内容提要:歌剧是综合性的音乐体裁,包括戏剧情节、歌词、音乐、舞台布景、服装、舞蹈和其他成分。歌剧的基本类型是分曲歌剧和音乐连续贯穿发展的歌剧。在分曲歌剧的低层结构中包含有独唱、合唱、重唱和器乐曲,独唱曲又分为宣叙调、咏叹调和各种体裁的歌曲。本文试图对歌剧较高层的结构做分类分析,包括最高层的结构(全剧)和大的部分的结构(幕、场、景),不包括低层次歌剧体裁的结构。

3.对称曲式及其变种

对称曲式的图示是:ABCBA,ABCDCBA,在歌剧中运用广泛,如同回旋曲式。它在舞台类体裁中的应用首先制约于舞台上事件的镜像-对称逻辑:主人翁出现,和其他角色互动,抛弃舞台。此外,这种形式漂亮的、对称的多拱弧形作为对于题材一往直前发展——不可逆性的最好的美学均衡深得作曲家喜爱。

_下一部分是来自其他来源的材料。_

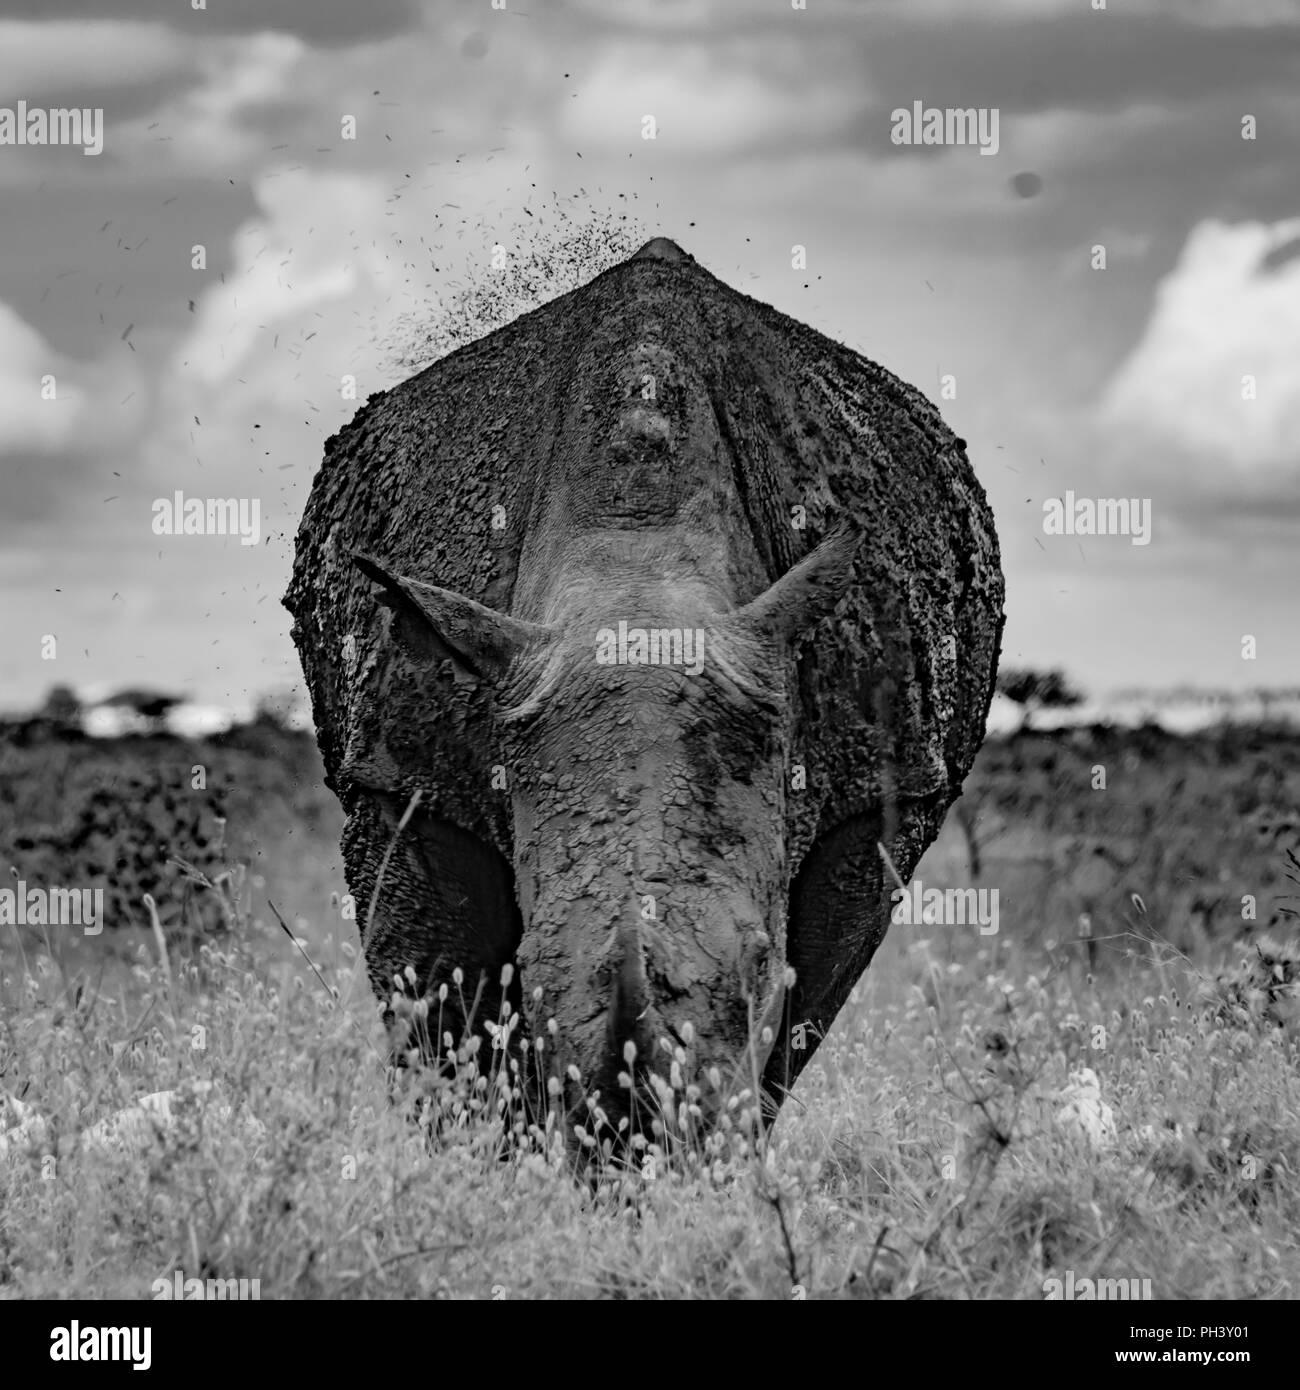 Un rhinocéros dans la boue Photo Stock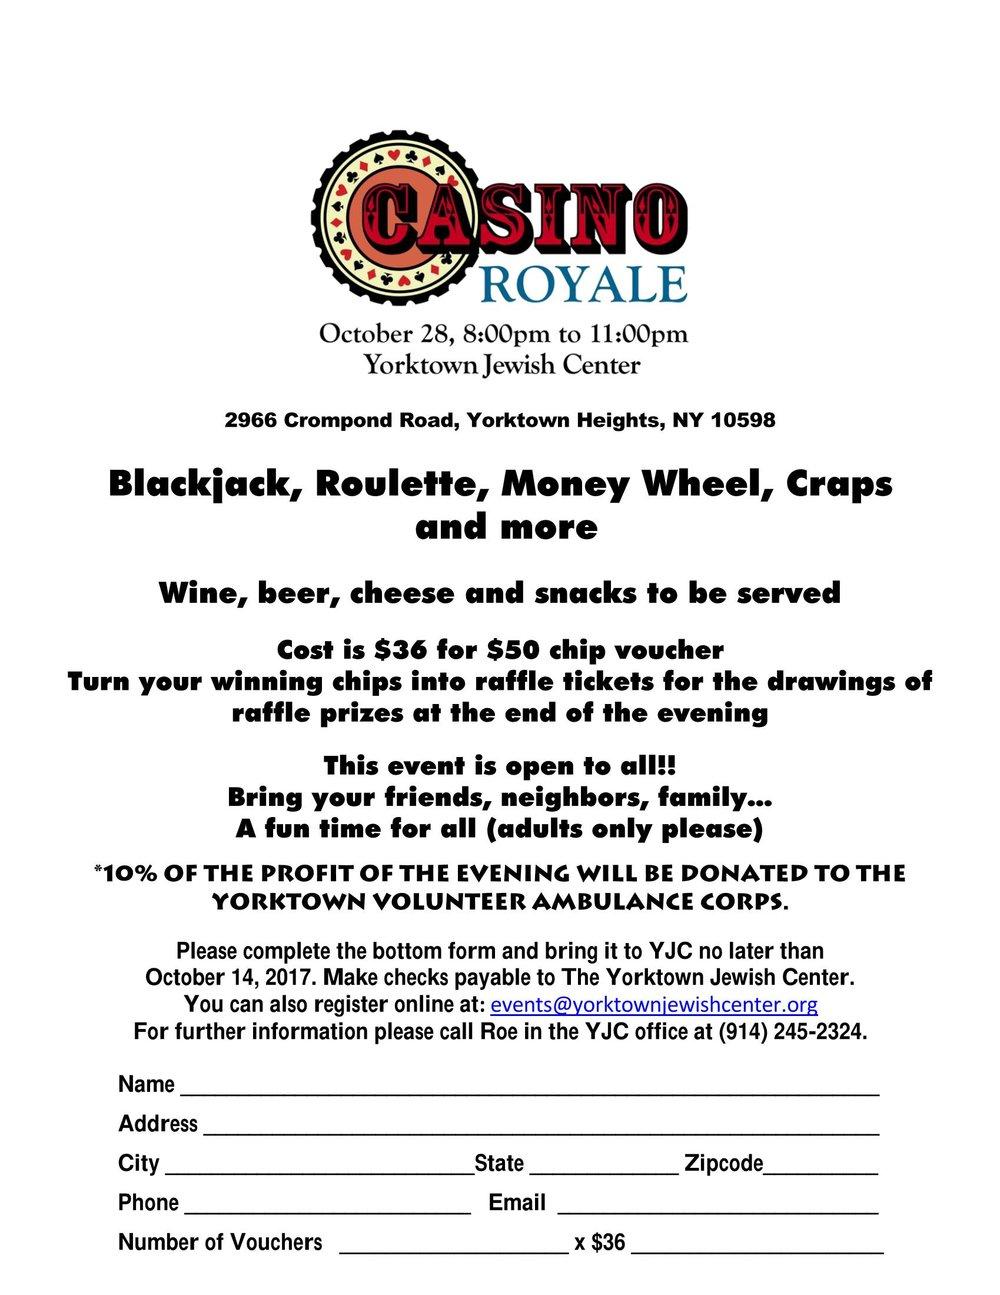 Casino Royale Event Registration Form.jpeg

从音乐的观点,对称曲式在曲式功能关系方面,其组织是非经典的:它的第一部分不一定是陈述的,可能是引子(相应地,最后一部分是结尾);中间的轴心部分可能是不稳定的,可能是稳定的(仿佛插部);环绕着它的结构,可能是中间型的,可能是连接的。

对称曲式在歌剧舞台上的运用,除了严格的结构形态外,还有变种,与一往直前发展的题材中有侵入相联系,从而产生各种对称-贯穿结构:(1)带有自由的“嵌入”部分;(2)在中心严格定型的情况下,带有自由的“边缘”;(3)带有场面和音乐的复结构。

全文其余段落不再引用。